All scenarios use fictional characters. Students should never be asked to identify themselves in these scenarios.


The Signal Misread

Scenario: Alex had a terrible night's sleep and skipped breakfast. At school, a friend says something slightly teasing. Alex overreacts and storms off, furious. Later, looking back, Alex realizes the comment was not a big deal.

Discussion:

  • What inputs might have affected Alex's processing capacity?
  • What does the amygdala hijack have to do with this?
  • What could Alex do differently next time?

The Story Generator

Scenario: Morgan sends a message to Riley and gets no response for two days. Morgan starts thinking: "Riley must be mad at me. Maybe I said something wrong.
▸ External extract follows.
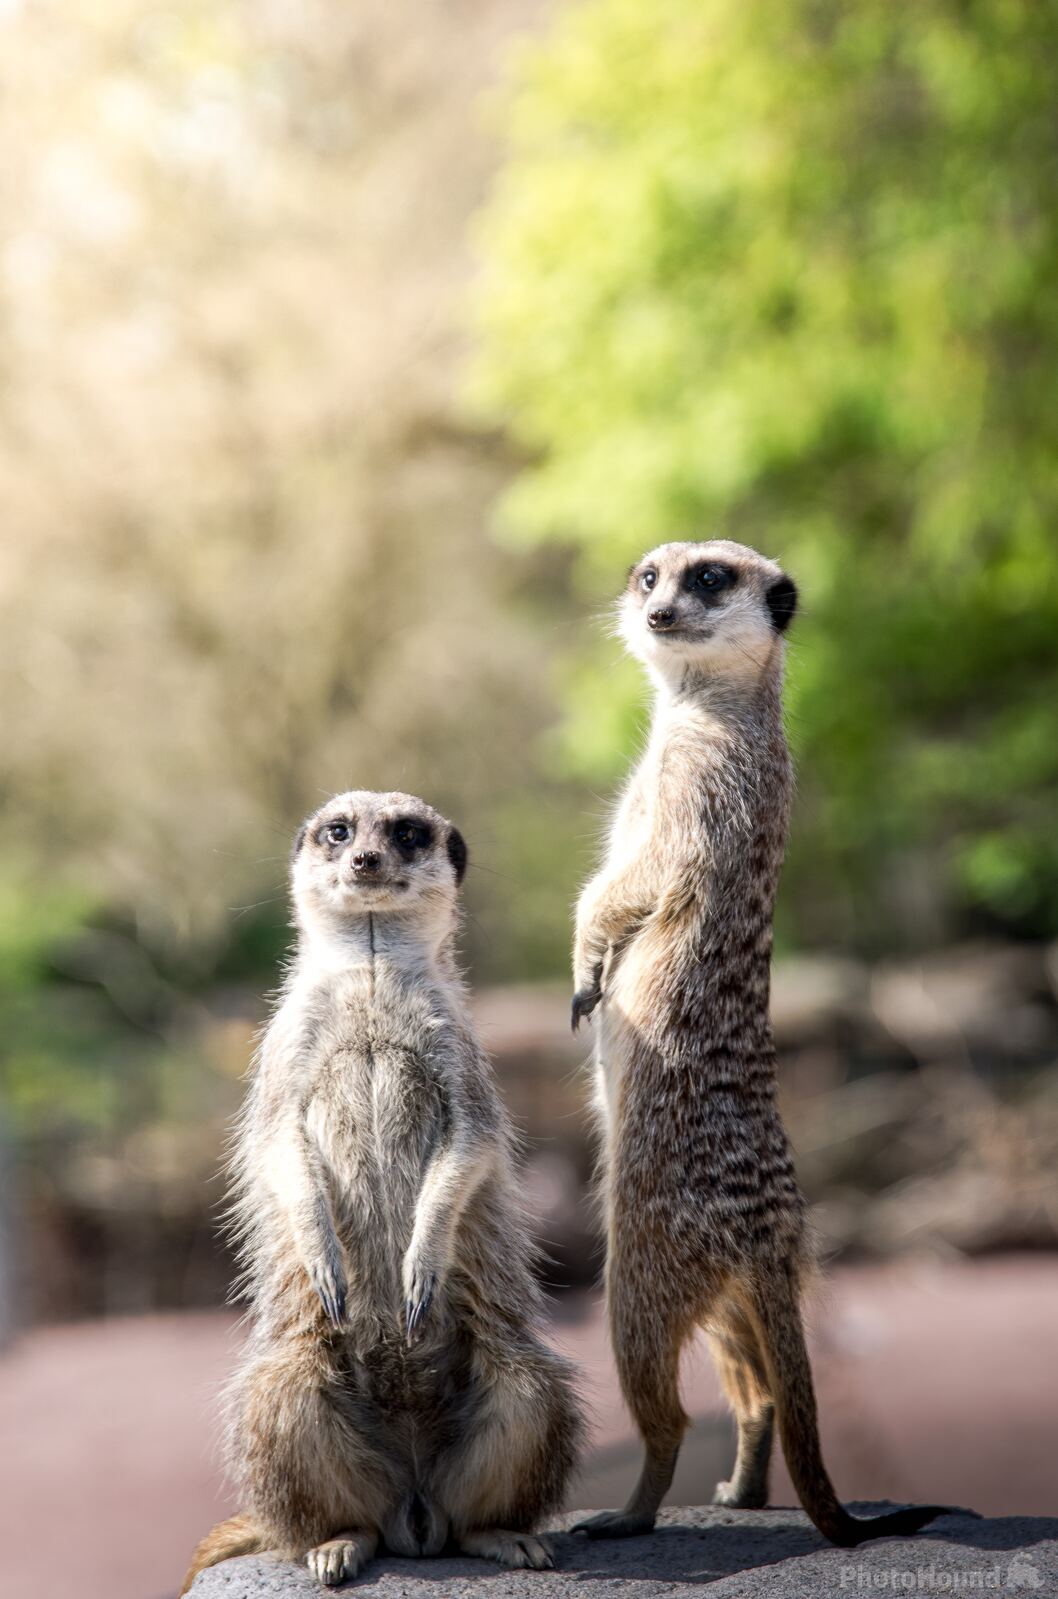 Image of Copenhagen Zoo by Team PhotoHound
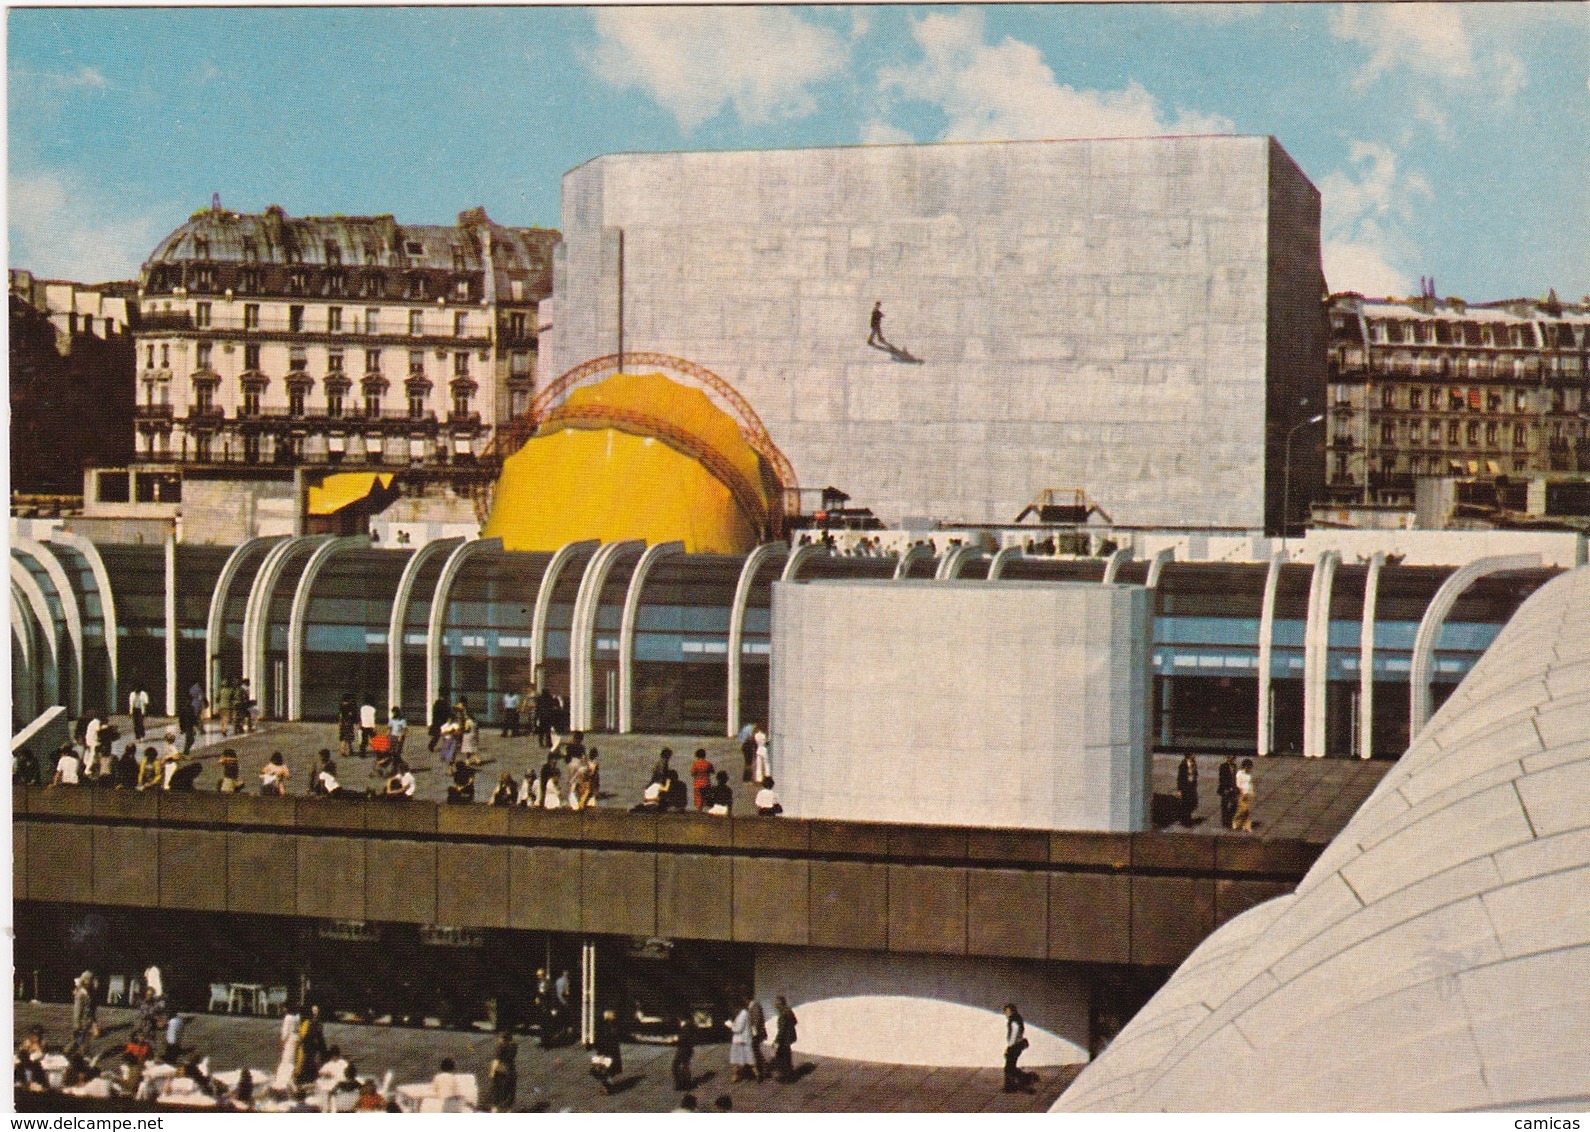 PARIS: Le FORUM Des Halles (Arch. C.VASCONI - G.PENCREAC'H) - Piazze Di Mercato

Maybe Riley doesn't want to be friends anymore." When they finally talk, Riley explains their phone broke.

Discussion:

  • What narrative did Morgan construct?
  • What was the actual evidence vs. the story built on top of it?
  • Complete an Input/Output Audit for Morgan's situation.

The Trust Drain

Scenario: Casey promised three times to return a book to Sam. Three times, Casey forgot. Sam stops asking to borrow things from Casey.

Discussion:

  • What was happening to Sam and Casey's trust ledger?
  • What would Casey need to do to rebuild it?
  • How many "deposits" does it take to offset one broken promise?

The Mismatched Goal

Scenario: A group project: Alex wants to finish quickly, Morgan wants it to be perfect, and Riley just wants to have fun making it. The group keeps arguing but no one knows why.

Discussion:

  • What is the "system mismatch" here?
  • How could the group make their goals visible?
  • What would a protocol for this situation look like?

The Group Pressure Switch

Scenario: A group of friends decides to skip a class. Sam does not want to, but says yes anyway because everyone else is going. Sam says "I had no choice."

Discussion:

  • Did Sam have a choice?
  • What is the alignment problem in this situation?
  • When is it worth holding ground against group pressure?

The Rumor Chain

Scenario: Alex told Jordan: "I heard Riley was in trouble." Jordan told Casey: "Riley got in trouble for something big." Casey told the whole class: "Riley got suspended." Riley was actually just asked a question by a teacher.

Discussion:

  • How did the signal change as it traveled?
  • What verification protocol could have stopped this?
  • Who is responsible for the damage?